The source material was collected from Anna's Archive. The corpus consists of PDFs and EPUBs of varying quality—some are clean digital publications, others are OCR scans from the 1950s with significant artifacts.

PDF extraction uses PyMuPDF (fitz) to extract text while preserving reading order. For scanned documents, the extracted text often contains OCR errors like "j u n g" instead of "Jung" or broken hyphenation across page boundaries.

EPUB extraction parses the XML/HTML structure to extract text content while stripping formatting tags, preserving semantic structure like chapters and sections where possible.

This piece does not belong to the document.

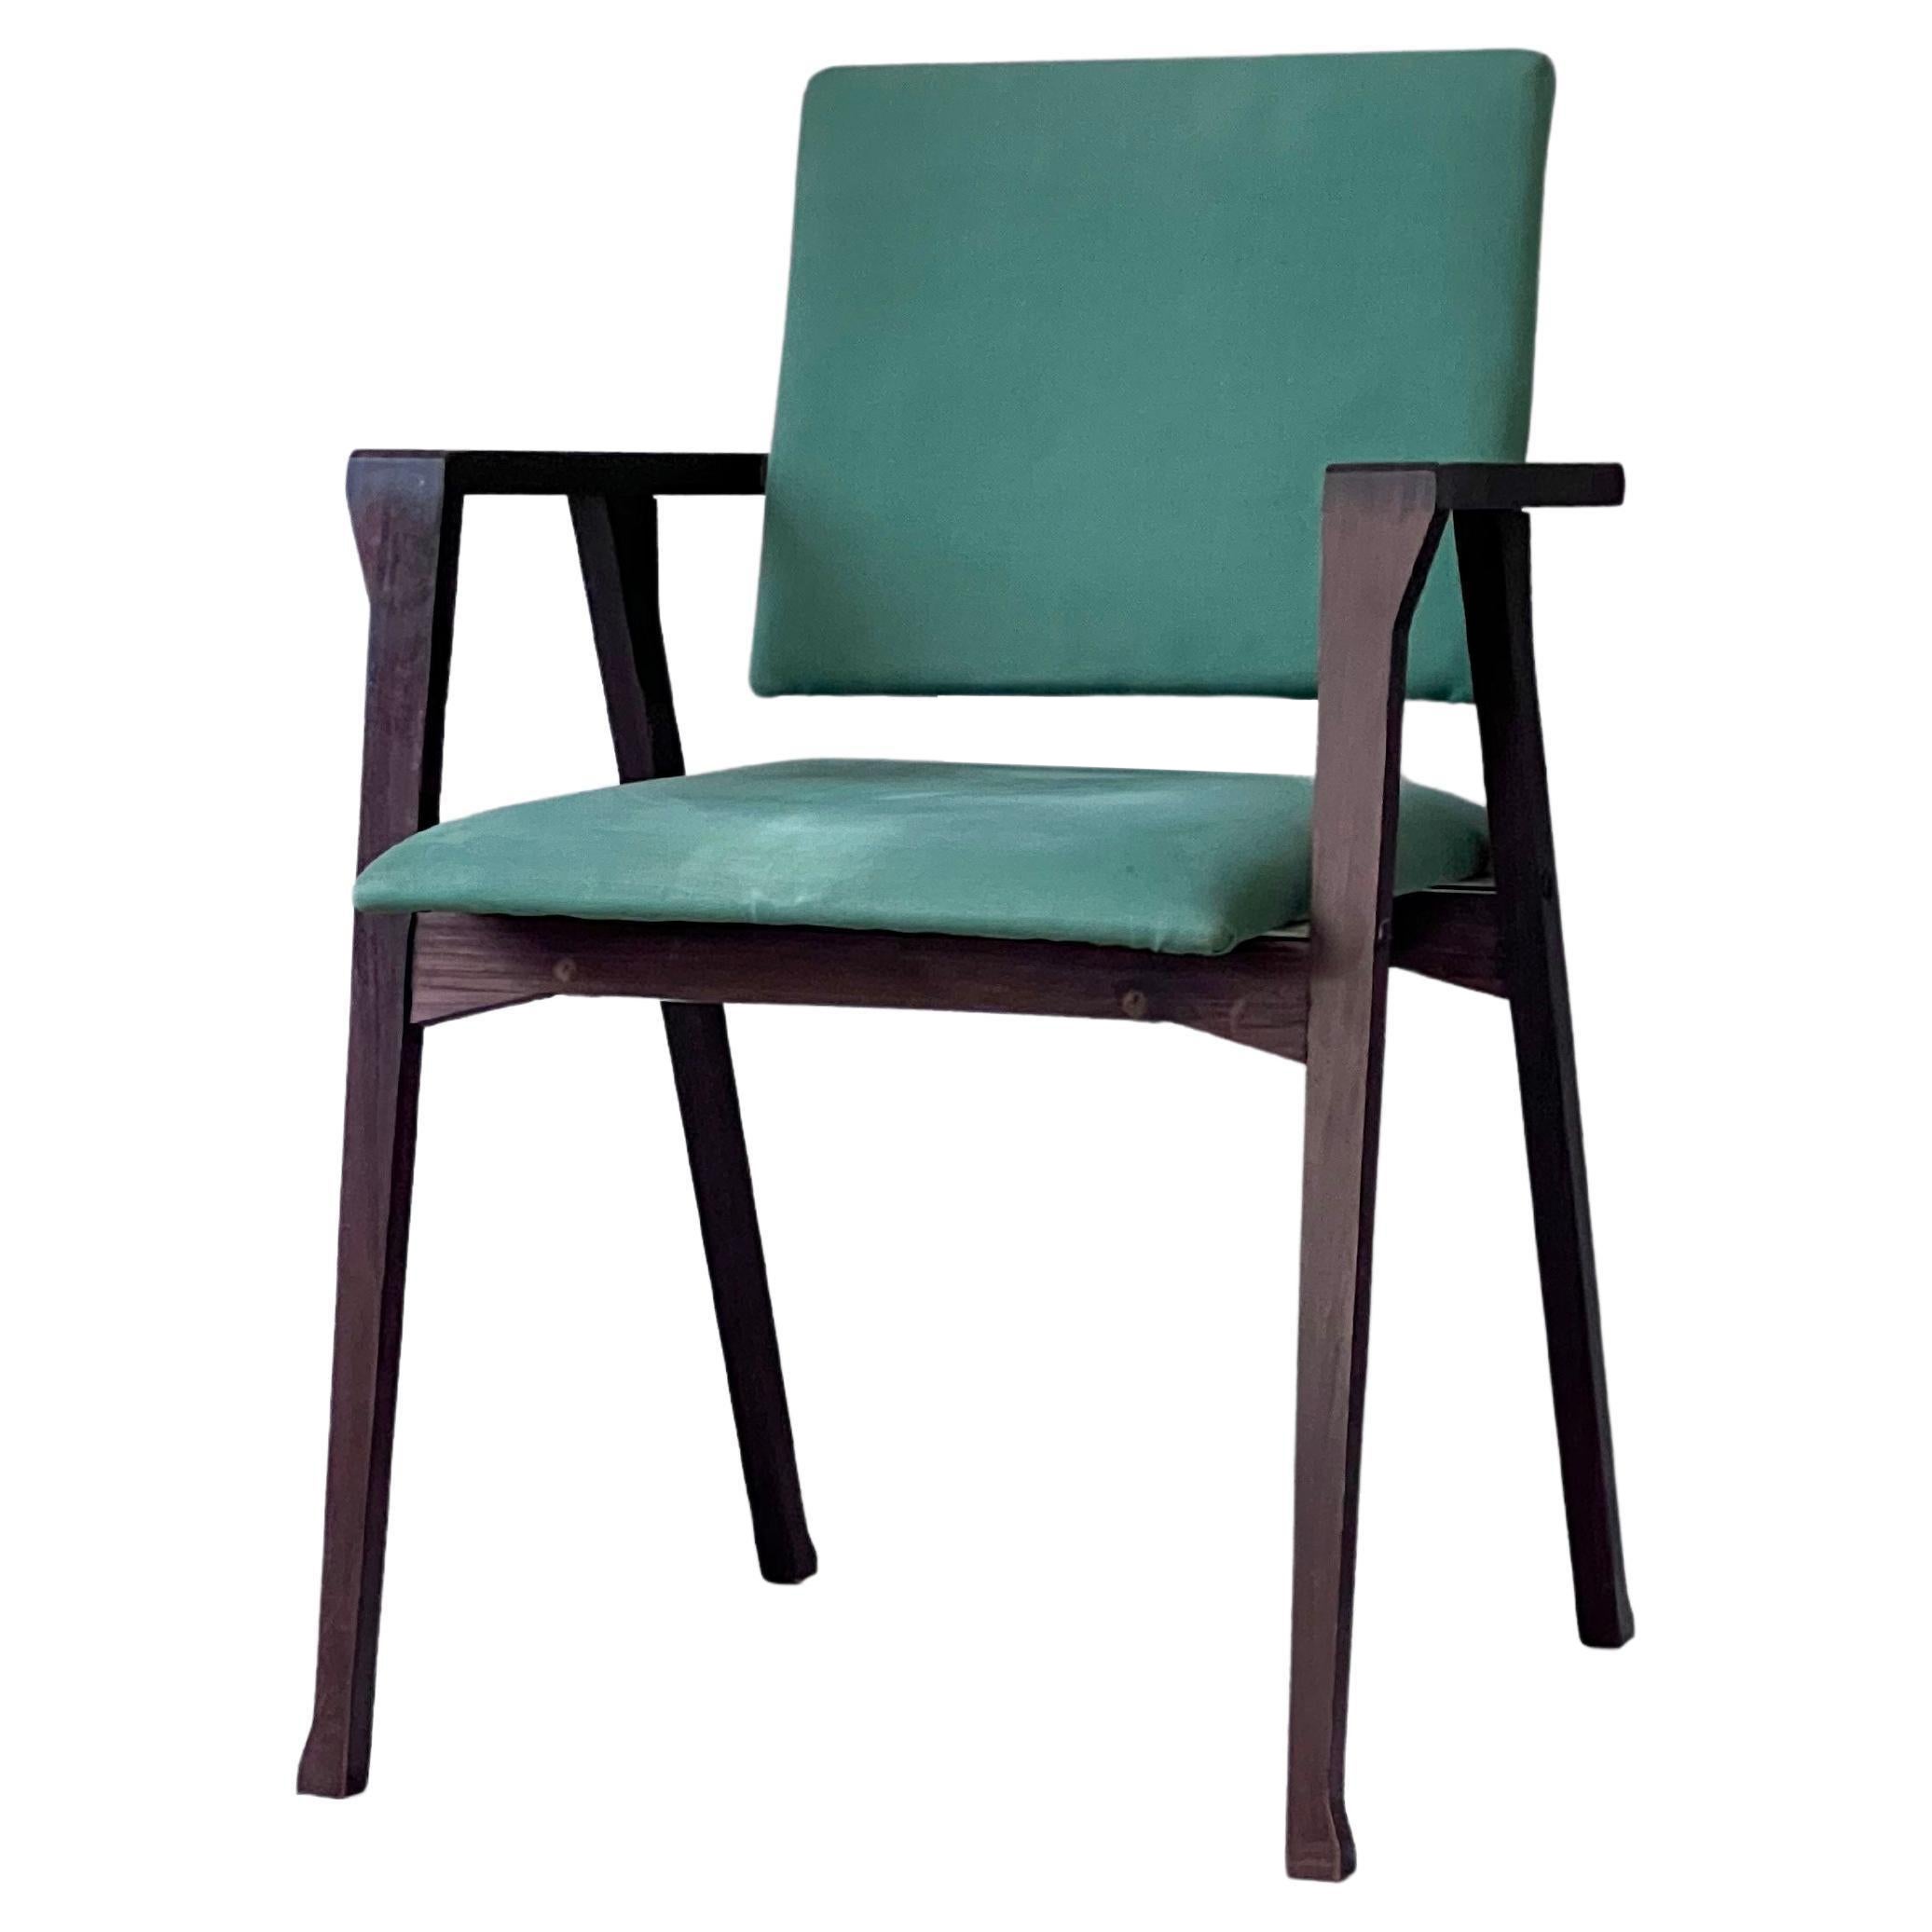 Italian Mid-Century Collectible Armchair, Dining Chair, Luisa by Franco Albini

# PDF extraction with PyMuPDF
import fitz  # PyMuPDF

def extract_pdf(path):
    doc = fitz.open(path)
    text = ""
    for page in doc:
        text += page.get_text("text")
    return text

3. Text Cleaning

Raw extracted text requires extensive cleaning before it's suitable for semantic search. The cleaning pipeline handles several categories of issues:

OCR artifact correction: Fixes character spacing errors ("j u n g" → "Jung"), corrects common OCR misreadings, and removes scanning artifacts like "Copyrighted Material" watermarks that appear throughout some volumes.

Structural cleaning: Removes front matter (title pages, copyright notices, tables of contents) and back matter (indices, bibliographies) that would add noise to semantic search without adding value.

Normalization: Standardizes unicode characters, fixes broken hyphenation across line/page breaks, normalizes whitespace, and ensures consistent paragraph boundaries.

# OCR artifact correction
def clean_ocr_artifacts(text):
    # Fix spaced-out names
    text = re.sub(r"j\s+u\s+n\s+g", "Jung", text, flags=re.I)
    text = re.sub(r"f\s+r\s+e\s+u\s+d", "Freud", text, flags=re.I)

    # Remove watermarks
    text = re.sub(r"Copyrighted Material\s*", "", text, flags=re.I)

    # Fix broken hyphenation
    text = re.sub(r"(\w+)-\n(\w+)", r"\1\2", text)

    return text

4. Semantic Chunking

Chunking is perhaps the most critical step in RAG pipeline design. The goal is to split text into segments that are small enough to be relevant (a full book chapter would dilute the signal) but large enough to preserve context (a single sentence loses meaning).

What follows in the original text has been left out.